## Work request
Write out exactly the lines of the entries below from the one holding "Villas in Lucca" to the one holding "Oprah Winfrey to", inclusive, and leave out all other lines.

## Available records
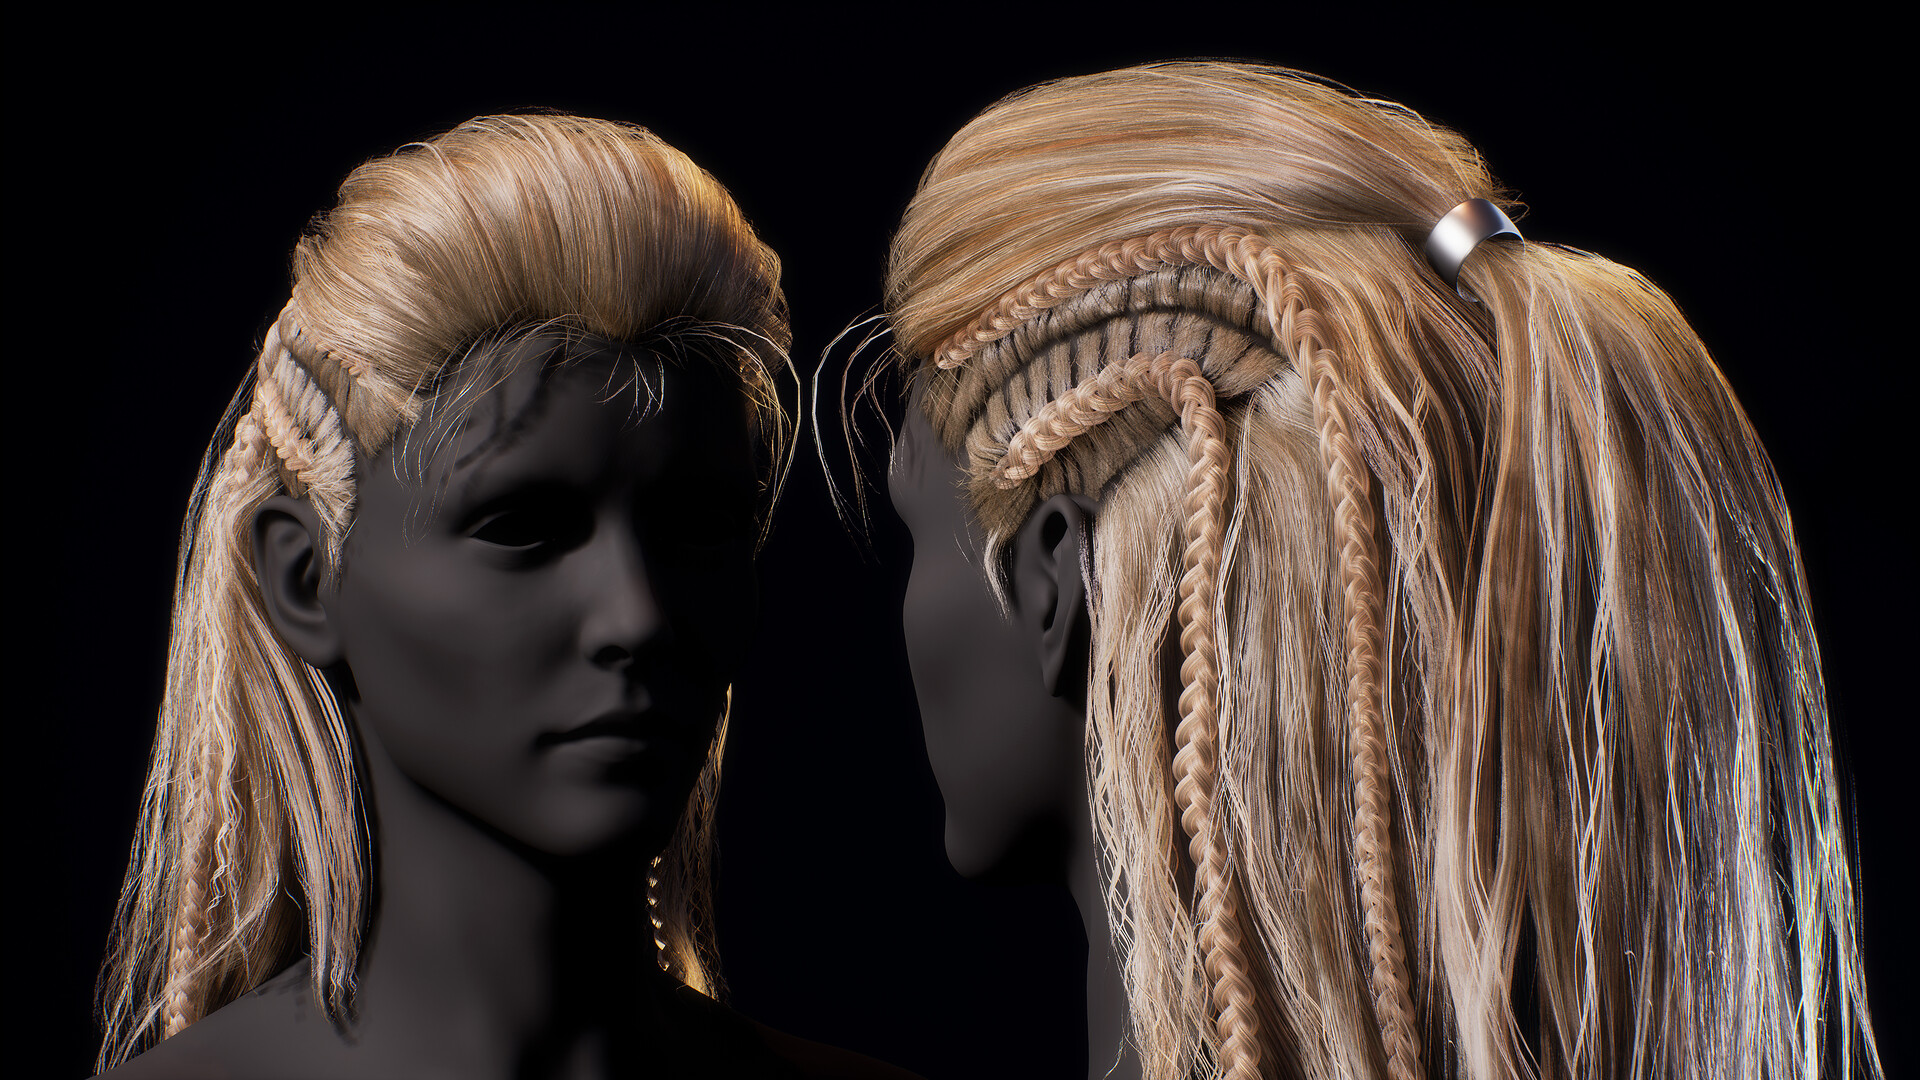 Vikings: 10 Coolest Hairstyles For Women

--

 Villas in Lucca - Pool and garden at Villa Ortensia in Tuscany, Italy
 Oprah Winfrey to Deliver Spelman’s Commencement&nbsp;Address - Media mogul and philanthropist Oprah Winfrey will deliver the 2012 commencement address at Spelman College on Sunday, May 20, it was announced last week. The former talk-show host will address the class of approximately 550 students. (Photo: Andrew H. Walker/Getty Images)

==

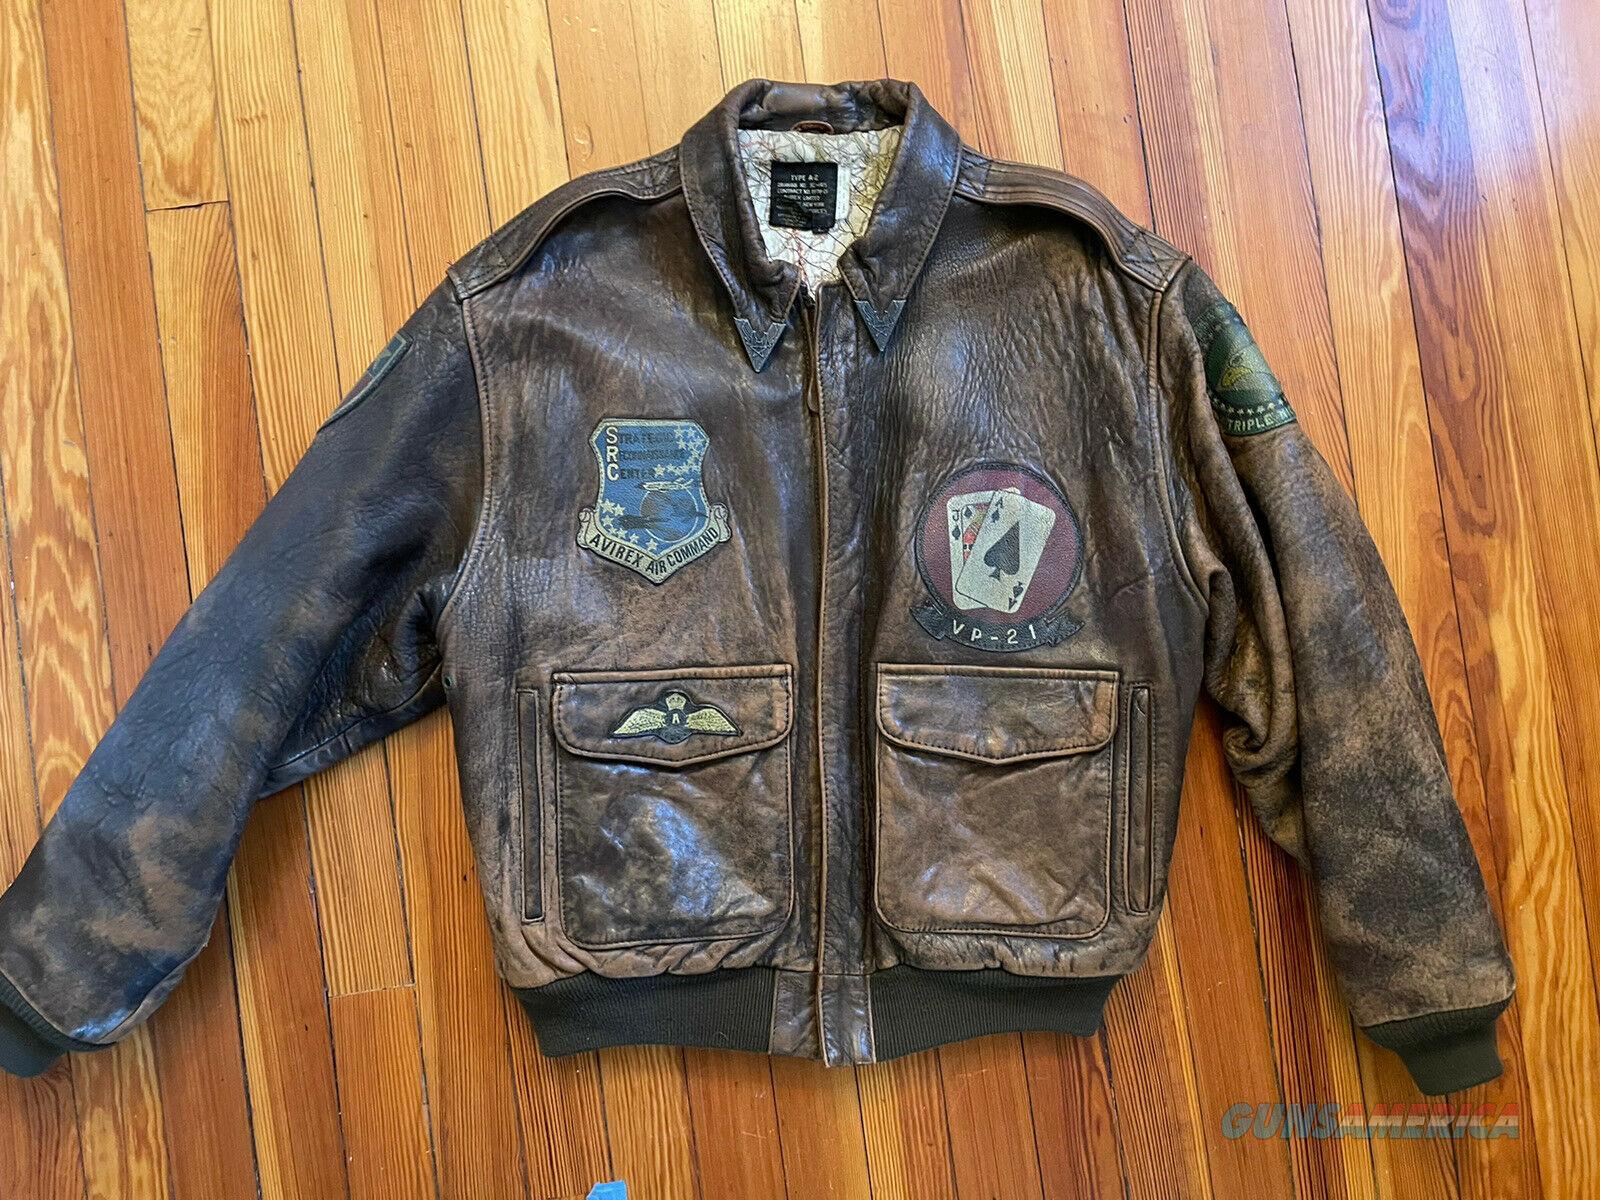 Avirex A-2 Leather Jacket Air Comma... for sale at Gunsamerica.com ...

## Written answer
 Villas in Lucca - Pool and garden at Villa Ortensia in Tuscany, Italy
 Oprah Winfrey to Deliver Spelman’s Commencement&nbsp;Address - Media mogul and philanthropist Oprah Winfrey will deliver the 2012 commencement address at Spelman College on Sunday, May 20, it was announced last week. The former talk-show host will address the class of approximately 550 students. (Photo: Andrew H. Walker/Getty Images)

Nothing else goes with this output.